Hari ini, Kianalah yang berinisiatif menjaga Andrew. Membiarkan Nina dan Vino untuk pulang. Mereka mungkin masih sangat syok dengan perkelahian yang terjadi di antara anak-anaknya.
Siapa sangka? Kiana juga sangat kaget melihat Arkan yang datang dengan ekspresi merah padam dan tanpa ba-bi-bu, langsung menuju kamar Andrew untuk menghajarnya. Ini di luar bagian dari rencana, tapi, beruntung juga karena Arkan menghajar Andrew dan tidak curiga padanya. Menjadikan laki-laki itu sebagai kambing hitam.
"Apa kamu juga tidak mau membalas perlakuan kakakmu? Dia menghajarmu, Andrew! Jangan takut padanya! Kau tidak boleh tunduk!"
Kiana tidak bisa membiarkan Andrew lemah dan mengakui kejahatannya pada Arkan. Dia harus membuat laki-laki itu semakin membenci Arkan agar rahasianya tetap aman. Andrew adalah satu-satunya tameng yang dia punya.
"Kamu benar, tapi Mama dan Papa sudah sangat baik padaku. Aku tidak ingin melihat mereka kecewa," ucap Andrew yang mulai sedikit ragu. Dia merasa tidak enak saat harus mengecewakan mereka.
Setelah belasan tahun diabaikan, ini pertama kalinya dia melihat kedua orang tuanya bersedih dan ikut terluka saat melihatnya dipukuli Arkan. Ini pertama kalinya dia merasa sangat disayang dan Andrew sangat senang. Atau mungkin, semua itu memang sudah terjadi, hanya saja dia tidak menyadari semuanya dari awal. Dia terlalu iri dengan Arkan.
Andrew tidak tahu apa yang terjadi pada dirinya, tapi dia merasa nyaman. Namun sayangnya, ucapannya tersebut malah membuat Kiana marah, sampai dengan sengaja membanting piring plastik yang masih berisi bubur itu, ke lantai. Menyebabkan makanan itu berceceran. Dengan acuh, Kiana bangkit dan menatap Andrew tajam. "Aku tidak akan bertemu denganmu, sebelum kamu menarik kata-katamu itu."
Tanpa basa-basi lagi, dia dengan cepat beranjak dan berjalan pergi meninggalkan Andrew sendiri di ruangannya. Pintu terdengar sedikit didorong kuat. Menimbulkan suara yang cukup berisik. Namun, karena Andrew berada di ruangan di mana sedikit orang yang dirawat dan jaraknya cukup berjauhan, tidak terlalu mengganggu pasien lain.

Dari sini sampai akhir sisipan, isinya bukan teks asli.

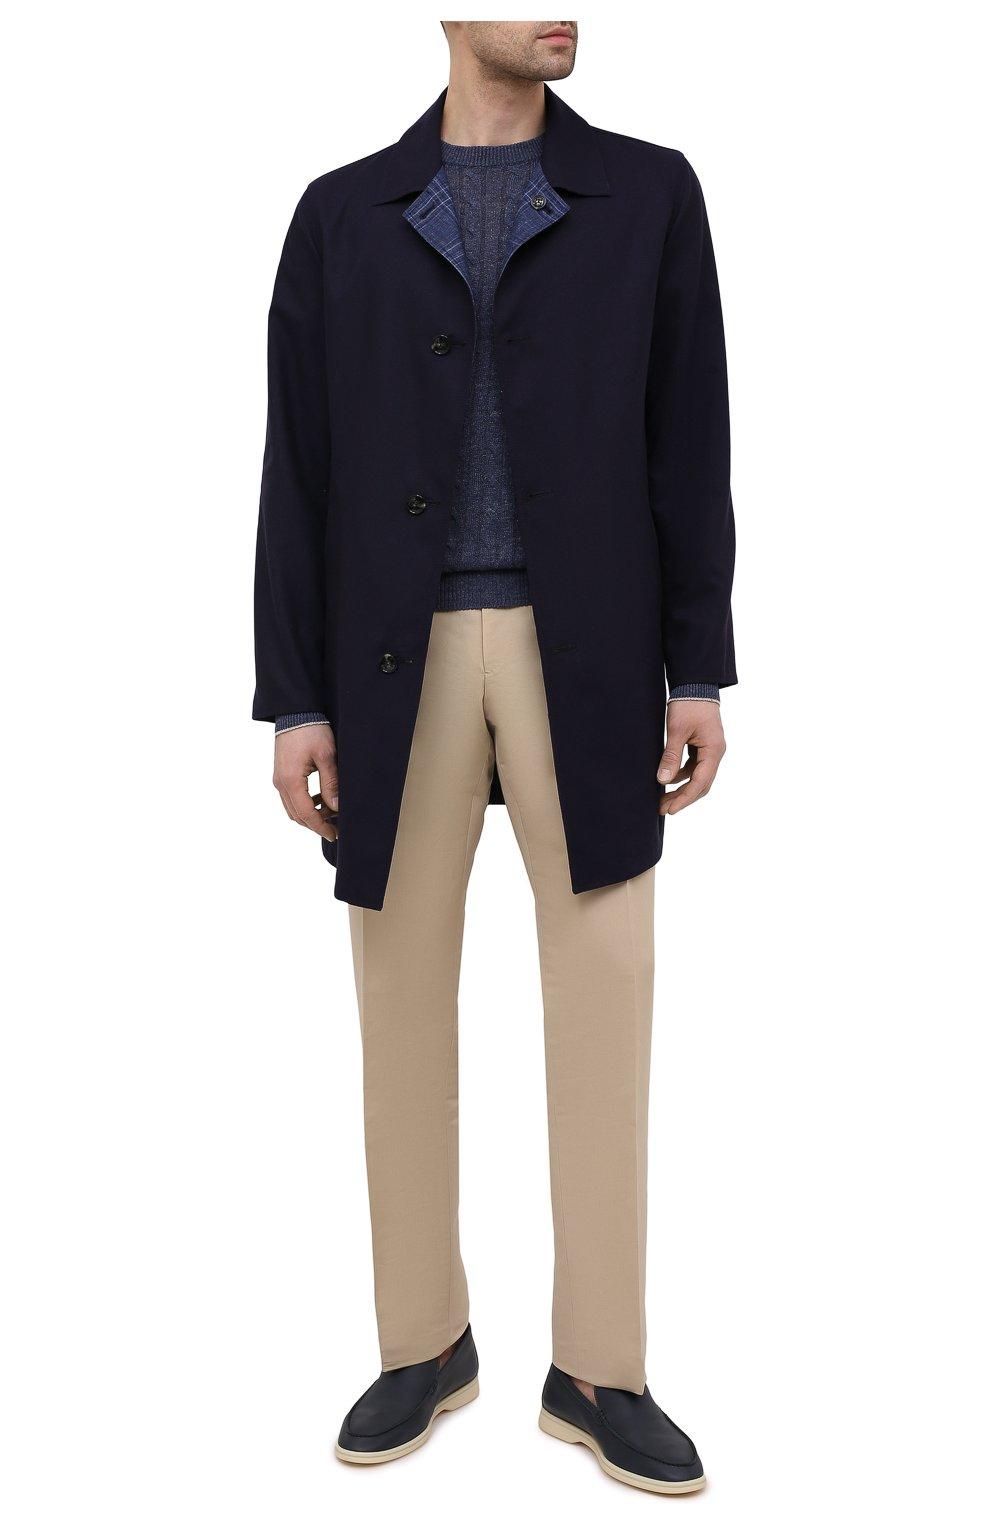 Мужской двусторонний плащ KITON темно-синего цвета, арт. UW0852CV07T80 | Фото 2 (Мужское Кросс-КТ: Плащ-верхняя одежда; Материал внешний: Шерсть, Шелк, Кашемир; Материал утеплителя: Шерсть; Рукава: Длинные; Длина (верхняя одежда): До середины бедра; Стили: Классический)

Tepat setelah kepergian Kiana, tanpa diketahui, seseorang menatapnya tajam dan berjalan masuk ke dalam ruangan Andrew. Melihat Andrew yang terbaring dengan wajah lesu. Ada gurat kesedihan dan kebingungan di wajahnya. Berusaha menggapai mangkuk plastik yang dijatuhkan Kiana. Hingga dia kemudian menyadari kehadiran seseorang yang baru saja masuk.
"Kiana, kamu datang la ... gi?" Perkataannya terhenti, matanya membulat mendapati orang yang dia hindari. "Kau?"
"Aku ingin bicara sesuatu denganmu," ucapnya tanpa basa-basi.
"Aku sakit. Tidak punya waktu untuk berbincang," jawab Andrew sambil memalingkan muka. Bukan enggan, tapi dia takut.
Sayangnya, perkataannya tak membuat laki-laki itu mau menjauh dan malah semakin mendekatinya. Berjalan dengan langkah pelan. Menatap makanan yang tadi sempat akan dibersihkan oleh Andrew, berserakan dan mengotori lantai. Tatapan penuh ejekan terlihat di matanya. Sekali lihat, dia langsung tahu kalau bagaimana Kiana memperlakukan Andrew.
Tentu saja, dia ingin membantu, tapi rasa marah membuat dia akhirnya memilih mengabaikan dan acuh. Andrew harus bertanggung jawab atas kesalahannya. Dia tidak ingin lagi membela atau memedulikannya.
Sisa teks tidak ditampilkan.